• PROMPT: Leaving out the pictures, please reproduce exactly and only the lines from the one that contains "Car line black" through the last line below.

• EXERCISE DATA:
---------------

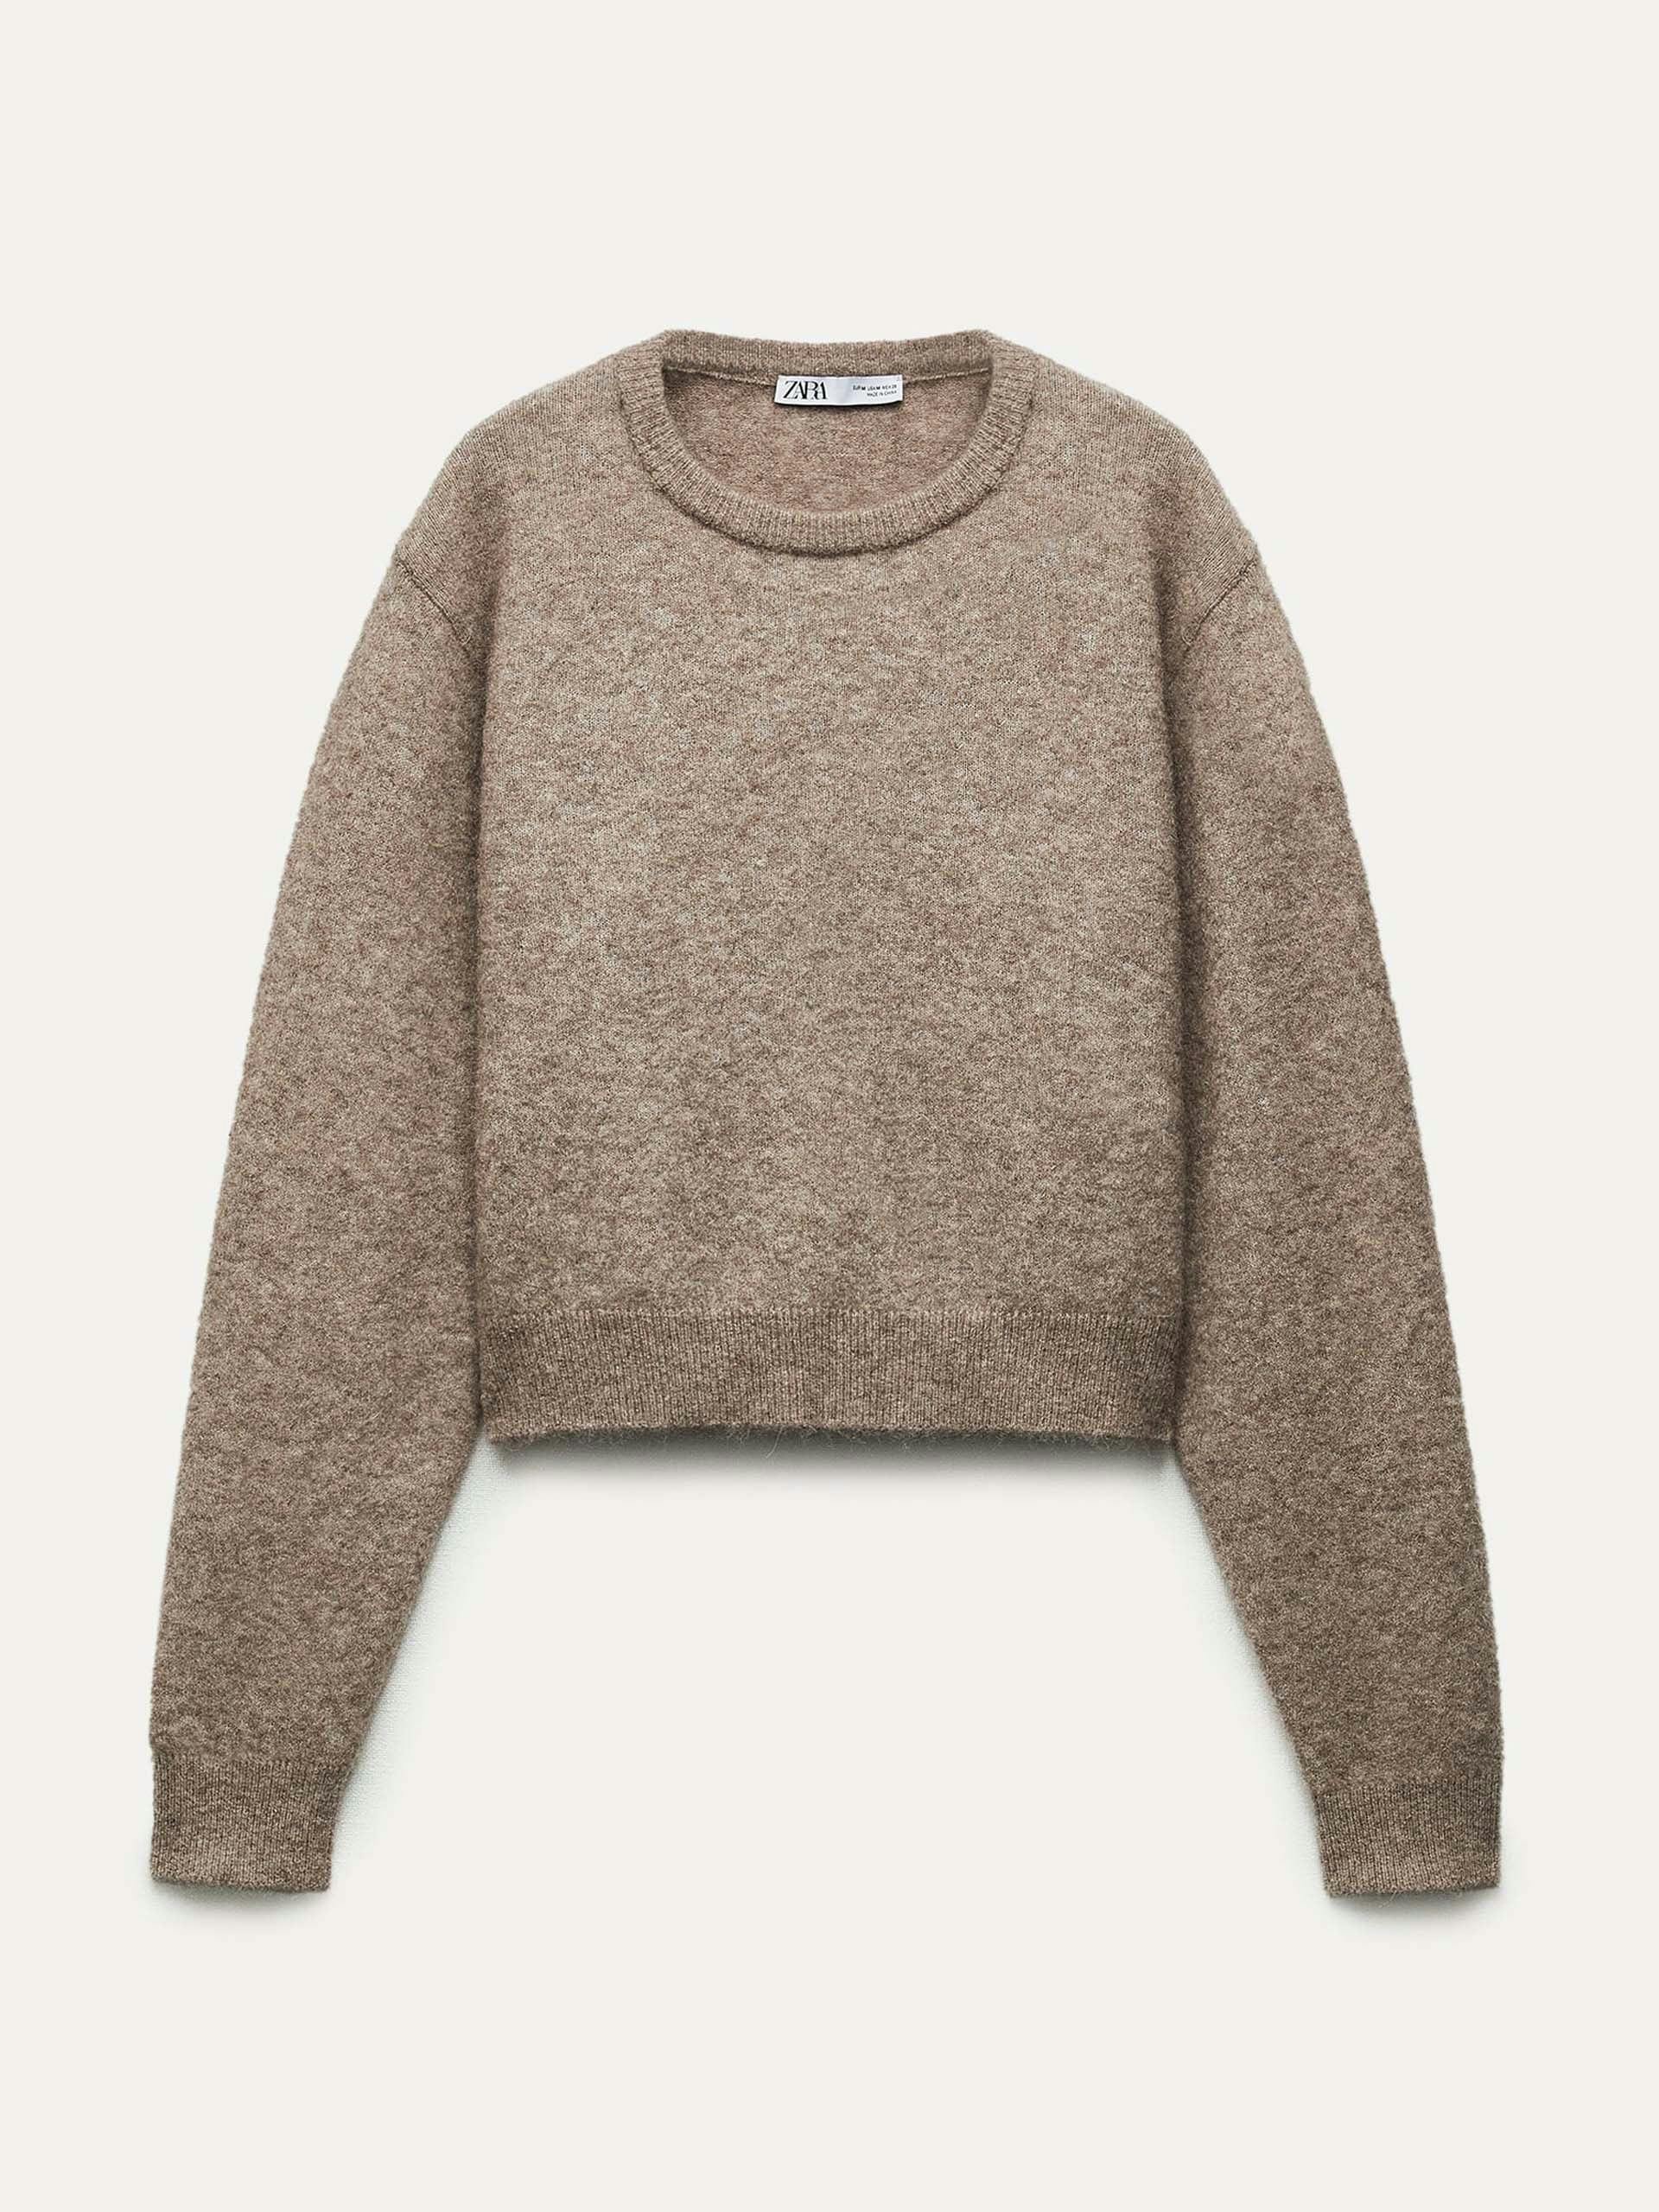 Felt texture knit sweater
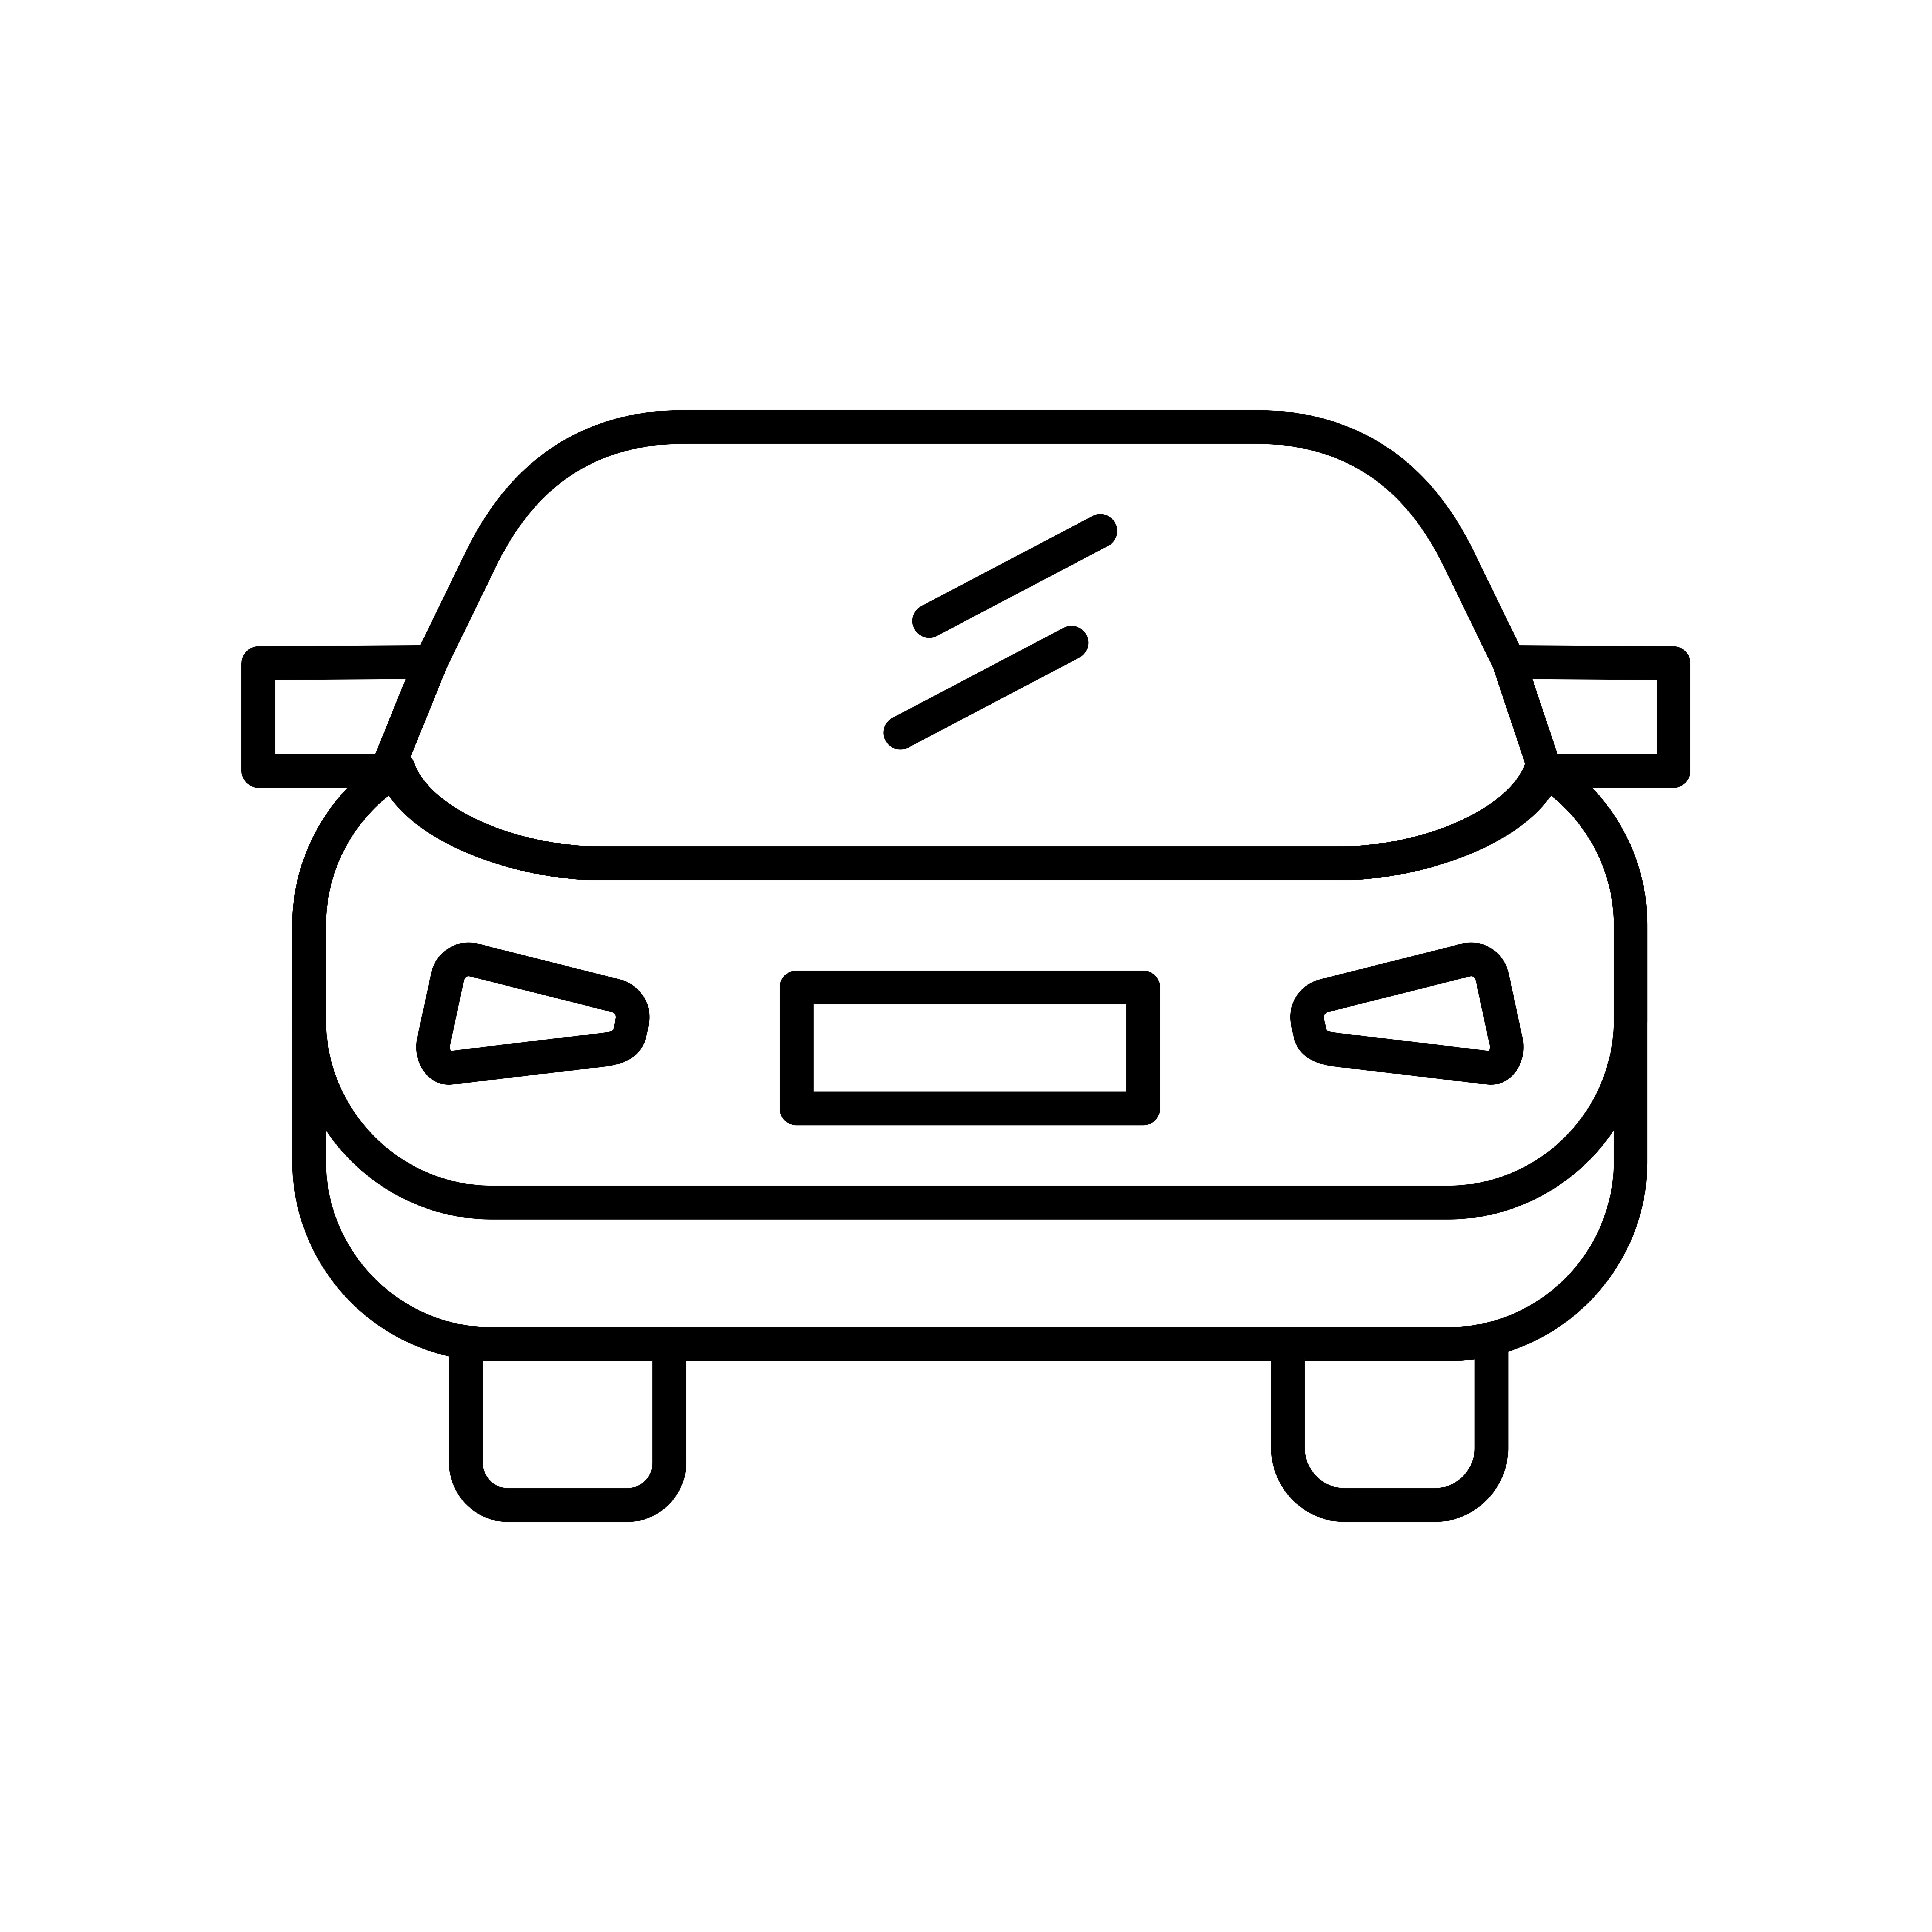 Car line black icon - Download Free Vectors, Clipart ...
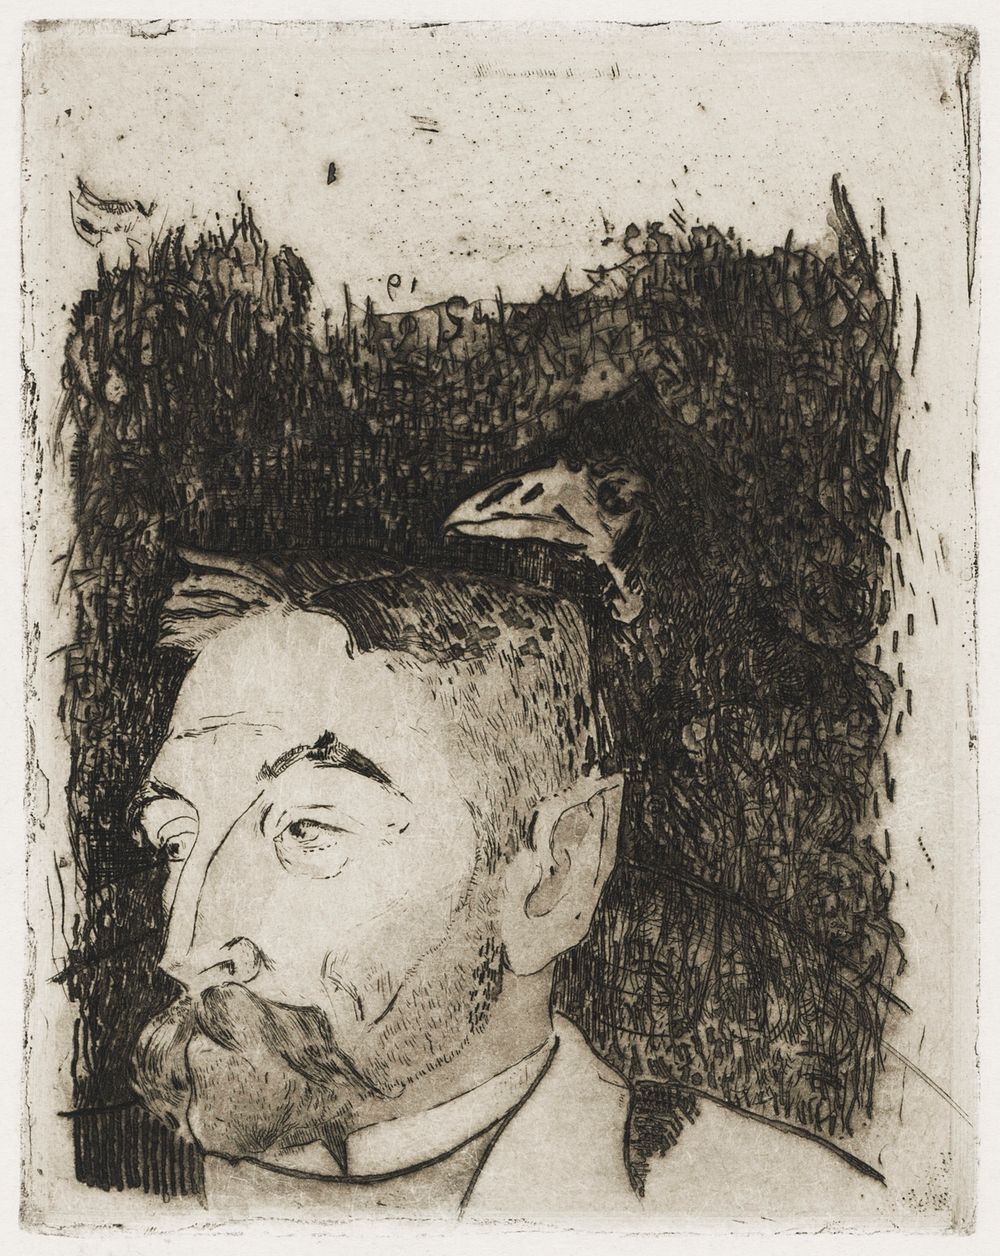 Portrait of St&eacute;phane Mallarm&eacute; (ca. 1890) by Paul Gauguin. Original from The Rijksmuseum. Digitally enhanced by…

---------------

• RESPONSE TO THIS EXERCISE:
 Car line black icon - Download Free Vectors, Clipart ...
 Portrait of St&eacute;phane Mallarm&eacute; (ca. 1890) by Paul Gauguin. Original from The Rijksmuseum. Digitally enhanced by…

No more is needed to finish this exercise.